Products such as Nest constantly monitor room temperature. They get a lot of data collected every minute and function 
accordingly. Also, traffic responders collect huge amounts of data while used for paying tolls or to get a traffic density 
overview. That is exactly where Internet of Things is heading us. It is going to be a future with the data of every moment of 
our day, stored and connected, and it is going to be big. 
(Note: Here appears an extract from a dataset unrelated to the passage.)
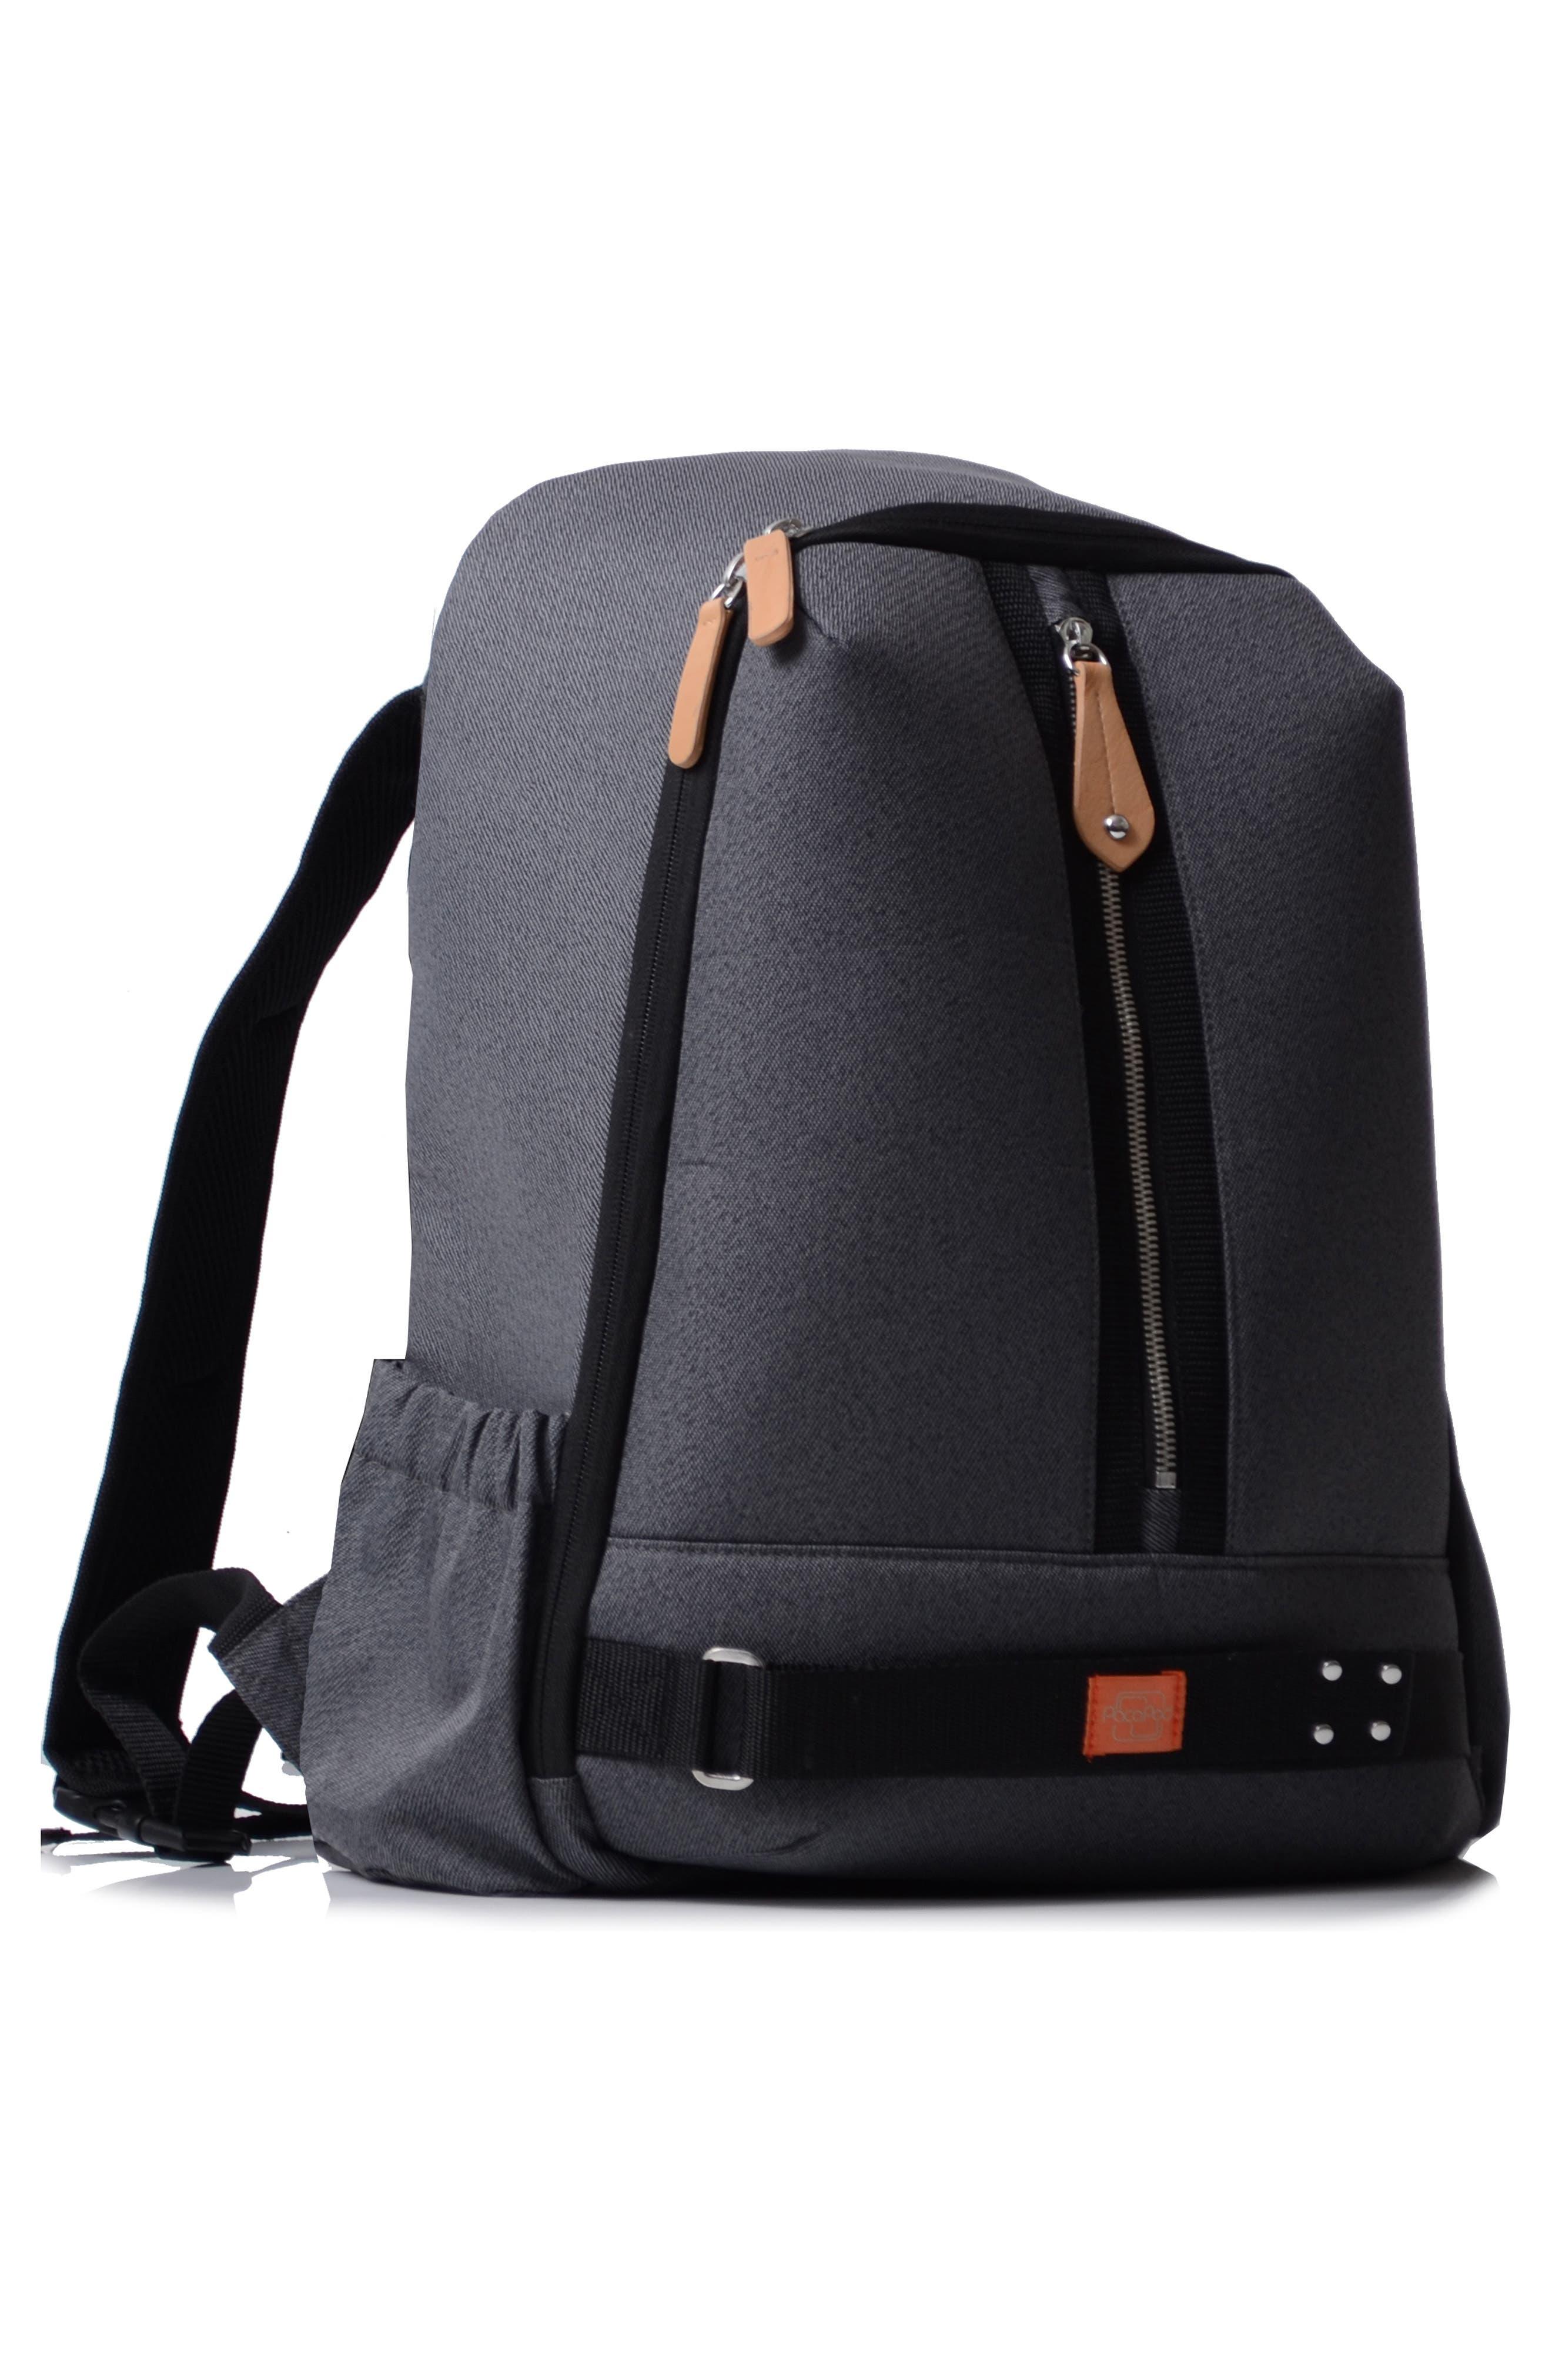 Picos Pack Diaper Backpack,                             Alternate thumbnail 3, color,                             BLACK CHARCOAL

What can we do with Big Data? 

Let’s say we focus on crowdsourcing, that is, considering people from a wide region, say, all over the world, contributing to 
a cause. There can be inputs from people all over the world which combined with physical modeling sensing and data 
assimiliation, can generate results which can map anything ranging from traffic at general geographic locations, temperature 
rise or fall over areas with similar land features et al. 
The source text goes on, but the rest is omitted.